I get to Minneapolis, we tech the show and then we had a day off. I went to the airport and met Megan. I remember [laughing], we sat in the baggage claim of Minneapolis Airport for two hours just talking and looking at each other going, “So what does this mean? You’re working at an AIDS orphanage in Kenya, you’re teaching… I’m acting with the Royal Shakespeare Company and traveling. I go from here, to L.A., and then back to London. What are we going to do about this?”

So we sort of put a pin in it. I went back to London but we kept in communication. After “Lear” was over, I was making plans to move back to California. Megan said, “Well how about I’ll move down to California and then we’ll at least be in the same place. We’ll at least be in the same state for the first time in 10 years, and we can give it a try?” And I thought,” yeah, okay.” We were making plans to do that when Robinson Crusoe came along, and I found out that it was shooting in Africa. One of those young moments that changes your life.

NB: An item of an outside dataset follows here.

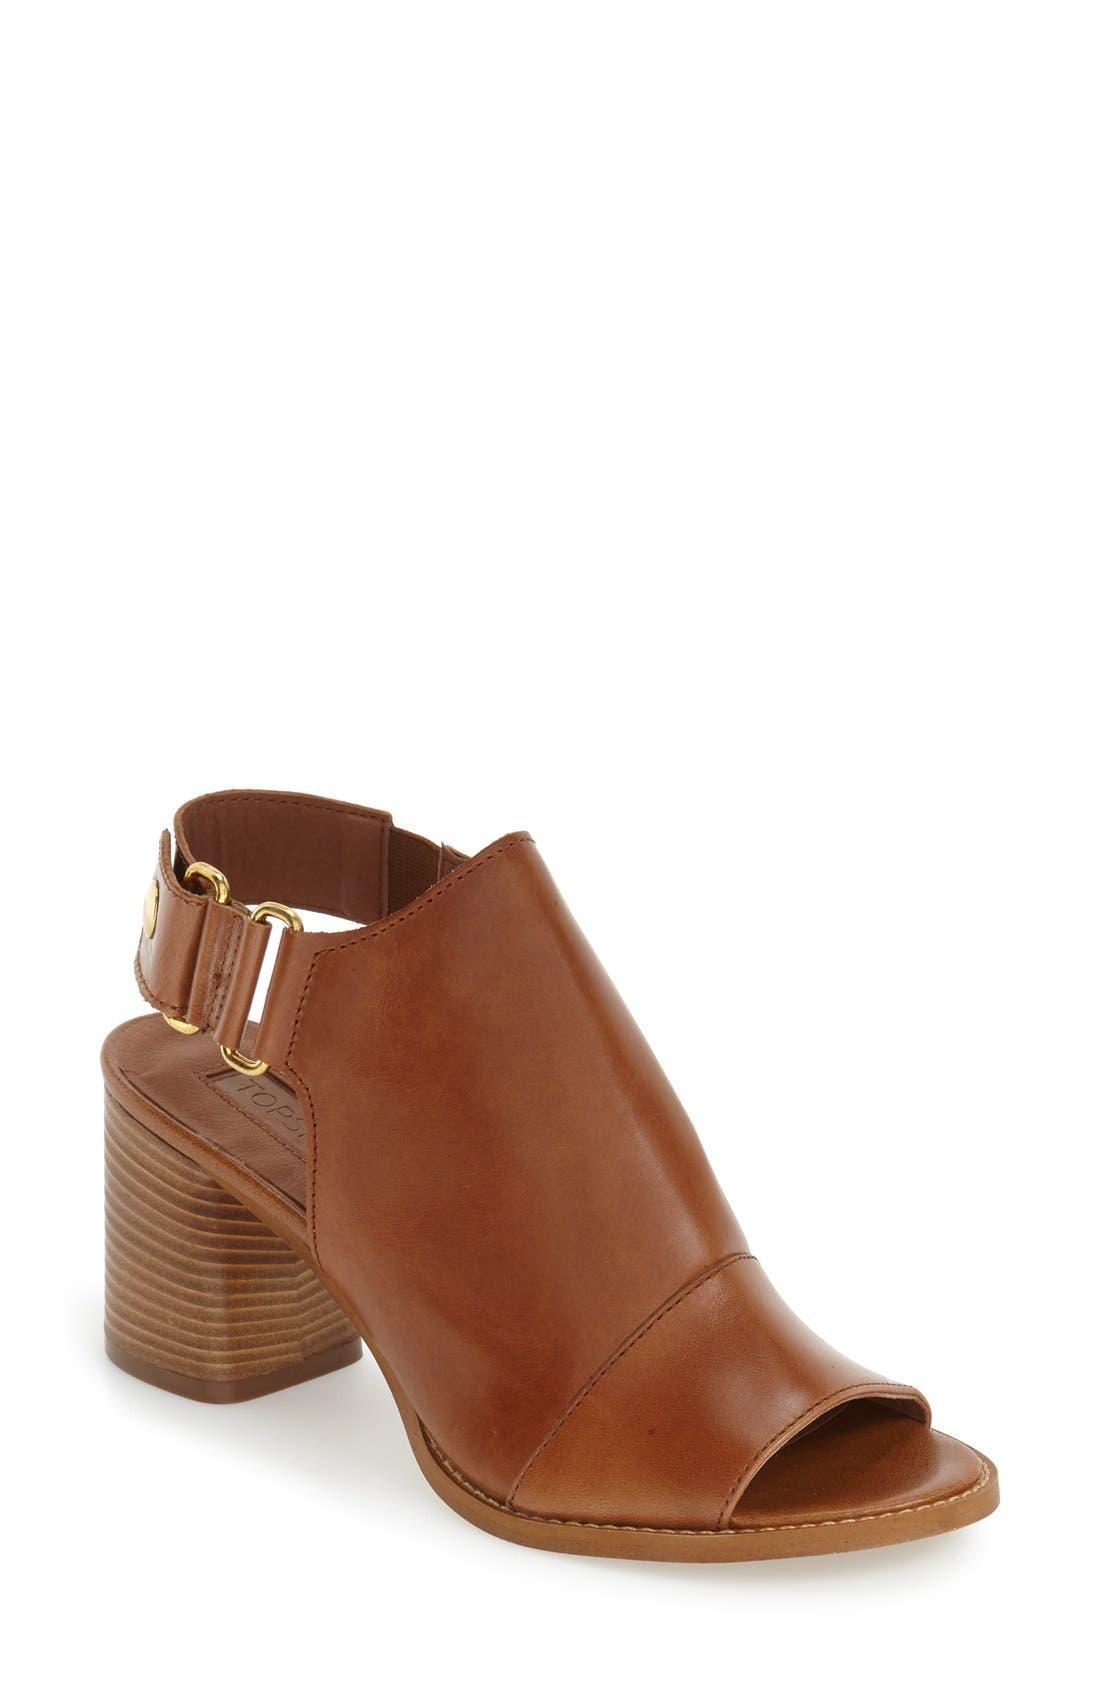 Alternate Image 1 Selected - Topshop 'Nimi' Slingback Round Heel Sandal (Women)

I said to her, “Hey, I know you love Africa. I don’t know what it’s going to be like. I don’t know what the digs situation is. I don’t know what’s going on but do you want to just try it? If you like it, you can stay; and if it’s something you’re just absolutely not on board for, I’ll fly you back to the States.” She said, “Let me think about it,” and ultimately said yes. She came down to South Africa with me when we went to shoot Robinson Crusoe.

That’s incredible!

I think it was really hard on her because it was my first lead in a television series. Both of us [Tongayi Chirisa who played Friday] were cuttin’ our teeth. I mean, it was just me and Friday. [laughing] I was just working my tail off, it was rough.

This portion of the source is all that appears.